Figure 4An example of the distribution of MOPITT satellite observations. Thinned MOPITT orbits on 11 January 2015 at 00:00:00 UTC are shown.

In the HYPNET, GAW, ECCC and NOAA networks, the observation operator is an interpolation operator. The HYPNET, GAW, ECCC and NOAA network are temporally static, whereas the MOPITT-like observations change locations depending on the particular DA cycle. The observation errors are set to 10 % of the observation values for all networks in our work. The validation of the MOPITT V7J data by Deeter et al. (2017) found that the standard deviation of the retrieved profiles, relative to independent in situ data varied between 10 % and 16 %. As a result, for the synthetic data generated here, we chose a uniform 10 % observation error.

In summary, five different observation networks are simulated out of which four have a significant impact on the CO estimation error. The idealistic aspects of the design include using simulated (unbiased) observations and ensuring that the truth is consistent with the prior distribution. With these simplifications and a uniformly dense observation network such as HYPNET, we can check that our code is correctly implemented. The estimation errors are obtained from a best-case scenario; therefore, it is expected that higher magnitudes of errors will be obtained with real observations. The benefit of testing EC-CAS with more realistic networks like ECCC, GAW and MOPITT is that it provides a qualitative sense of whether the system is behaving properly, as one can predict how networks with data gaps may behave relative to the uniformly dense network. It should be noted that although the observations are simulated here, we are not performing observing system simulation experiments (OSSEs) (see (last access: 28 April 2021) for a discussion of designing OSSEs). OSSEs (Prive et al.2018) are used to compare the results obtained with different observing systems and require careful configuration and tuning of assimilation system parameters so that conclusions might be quantitatively reasonable.

4 Results

This section discusses the improvement in the CO state due to the assimilation of HYPNET, surface observations and MOPITT-like retrievals, in four separate experiments. The four CO data assimilation experiments are denoted by EXP_HYP, EXP_GAW, EXP_NOAA and EXP_MOP. The EXP_GAW experiment assimilates the GAW and ECCC surface observations, whereas the EXP_NOAA experiment assimilates the NOAA and ECCC surface observations. The improvement is defined with respect to a control experiment, which is referred to as EXP_CNTRL. The control experiment (EXP_CNTRL) assimilates simulated meteorological observations (see Table 1) but does not assimilate simulated CO observations. The CO data assimilation experiments assimilate the same meteorological observations as assimilated by the EXP_CNTRL experiment in addition to their CO observations. The results of the EXP_CNTRL experiment are discussed in Sect. 4.1. Section 4.2 illustrates the role of dynamically changing spatial correlations in an EnKF update. The results of the four CO data assimilation experiments are described in Sect. 4.3.

4.1 Control experiment

Before delving into results of the CO data assimilation, it is important to examine the results of assimilating the meteorological variables. CO is advected by the winds; hence, it is critical to ensure that the assimilation of meteorological observations is working well. Figure 5a shows the time series of global mean temperature forecast and analysis root mean square error (RMSE) from 27 December 2014 at 18:00:00 UTC to 28 February 2015 at 00:00:00 UTC from the EXP_CNTRL experiment; see Sect. S2 of the Supplement for mathematical details of the global mean computation. The RMSE is calculated based on the error between the ensemble mean and the truth which is available at every grid point. As observations are assimilated, the RMSE decreases and stabilizes to 0.5 C in about 7 d. The RMSE of forecasts and analyses of horizontal wind components and moisture stabilize at similar rates to that of temperature (Fig. 5).

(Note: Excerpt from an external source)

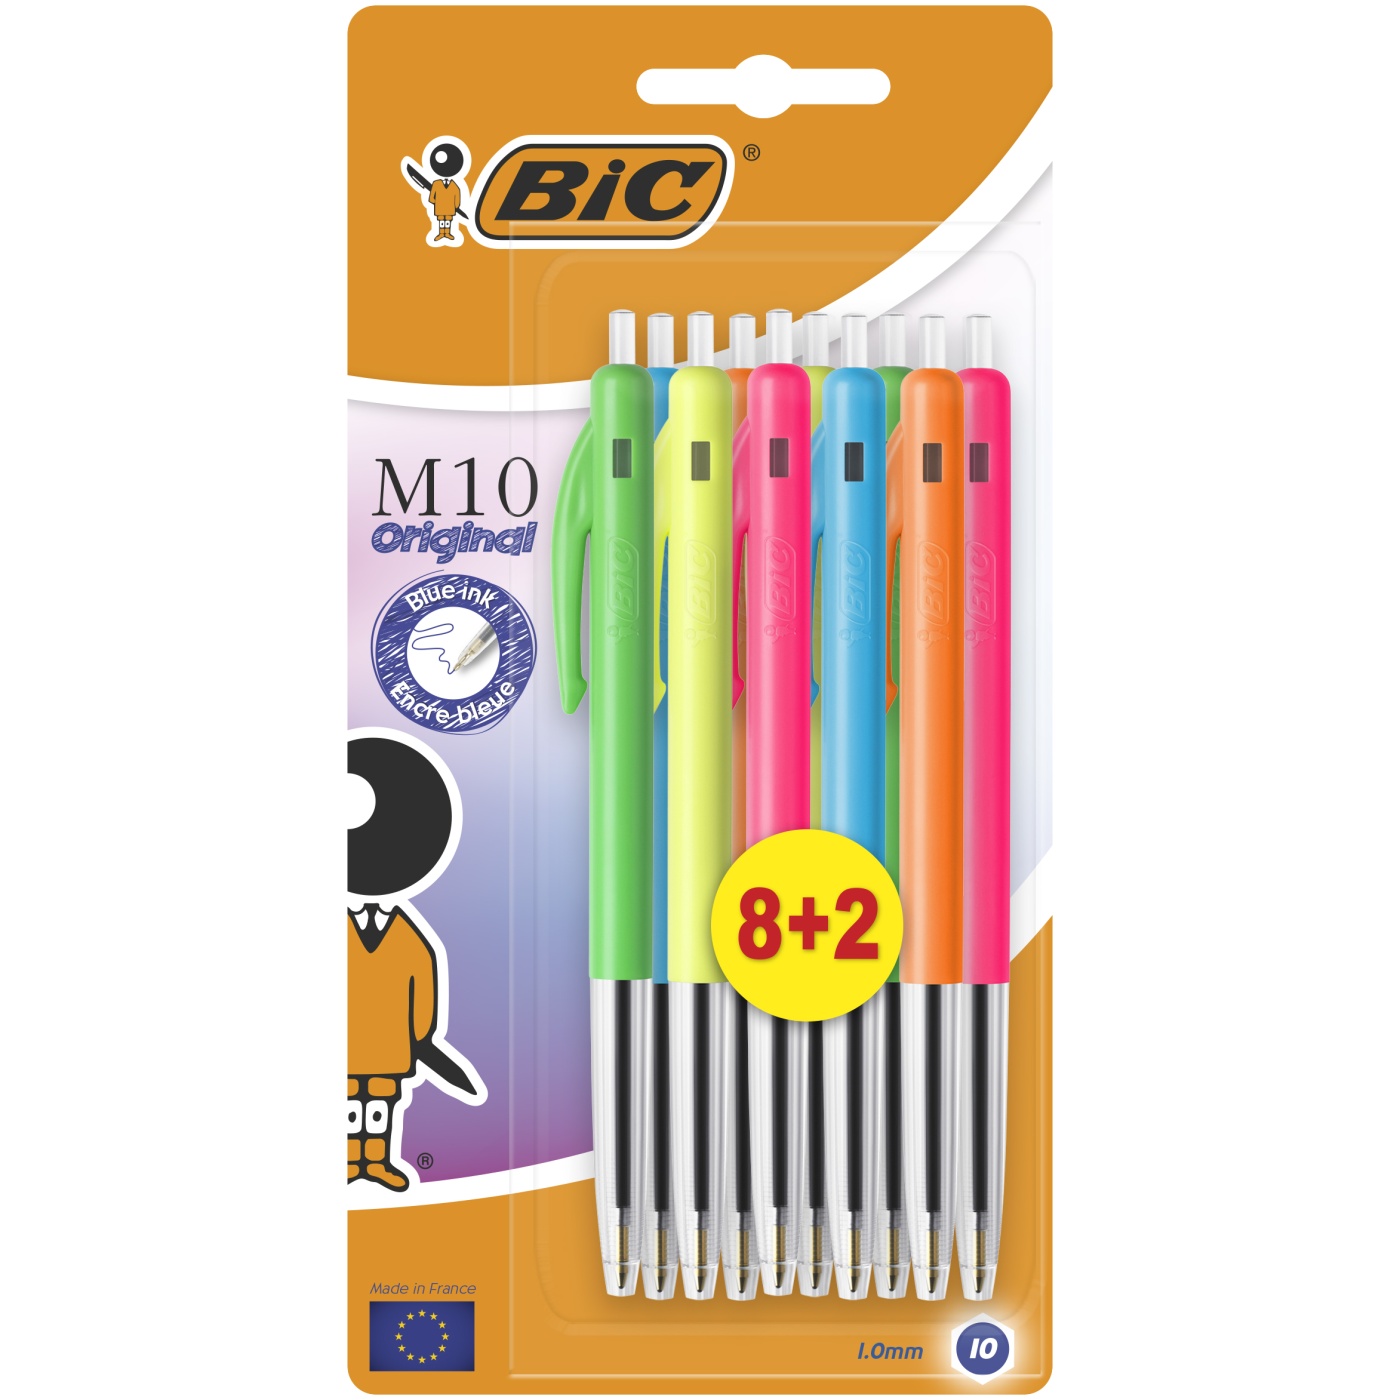 M10 Original Ballpoint Pen 10-set in the group Pens / Writing / Ballpoints at Pen Store (100235)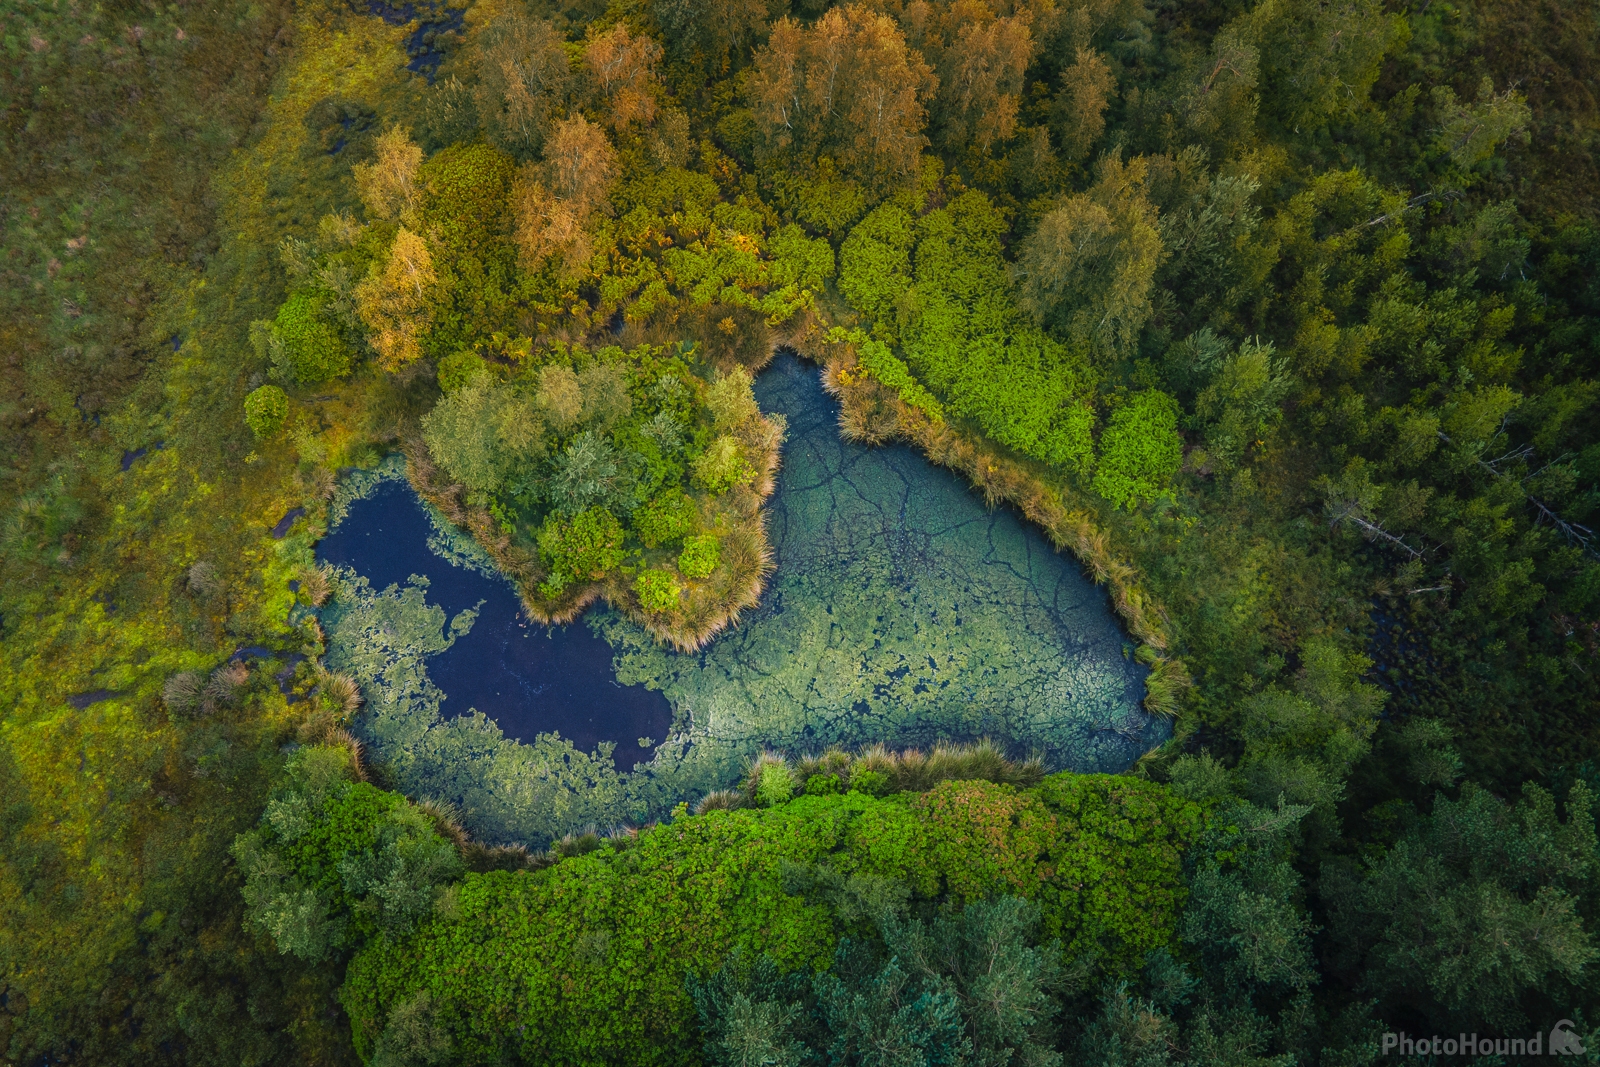 Image of Dersingham Bog by James Billings.

Figure 5The time series of the RMSE of meteorological variables from the EXP_CNTRL are shown. J and F, marked on the x axis, indicate the start of January and February, respectively. The analyses is shown in red, and the forecast RMSE is shown in blue.


Figure 6In each panel, column means (0–5 km) averaged from 10 January 2015 at 18:00:00 UTC to 28 February 2015 at 00:00:00 UTC are shown: (a) CO ensemble mean of the control experiment; (b) CO ensemble spread of the control experiment; (c) RMSE of the control experiment; and (d) RMSE of the EXP_HYP experiment.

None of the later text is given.